Directions for this task | Only one stretch of the data below should be repeated: the lines from the line containing "Glückliche Familie mit" through the line containing "Nike Air Zoom", inclusive, exactly as they are.

Data provided |
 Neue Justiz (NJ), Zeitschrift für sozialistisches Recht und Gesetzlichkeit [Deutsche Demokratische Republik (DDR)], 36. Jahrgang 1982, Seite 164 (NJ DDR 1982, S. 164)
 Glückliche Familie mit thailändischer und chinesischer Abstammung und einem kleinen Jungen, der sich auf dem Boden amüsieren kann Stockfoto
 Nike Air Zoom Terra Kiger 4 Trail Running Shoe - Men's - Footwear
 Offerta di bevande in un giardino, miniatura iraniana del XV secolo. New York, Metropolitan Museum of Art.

Task result |
 Glückliche Familie mit thailändischer und chinesischer Abstammung und einem kleinen Jungen, der sich auf dem Boden amüsieren kann Stockfoto
 Nike Air Zoom Terra Kiger 4 Trail Running Shoe - Men's - Footwear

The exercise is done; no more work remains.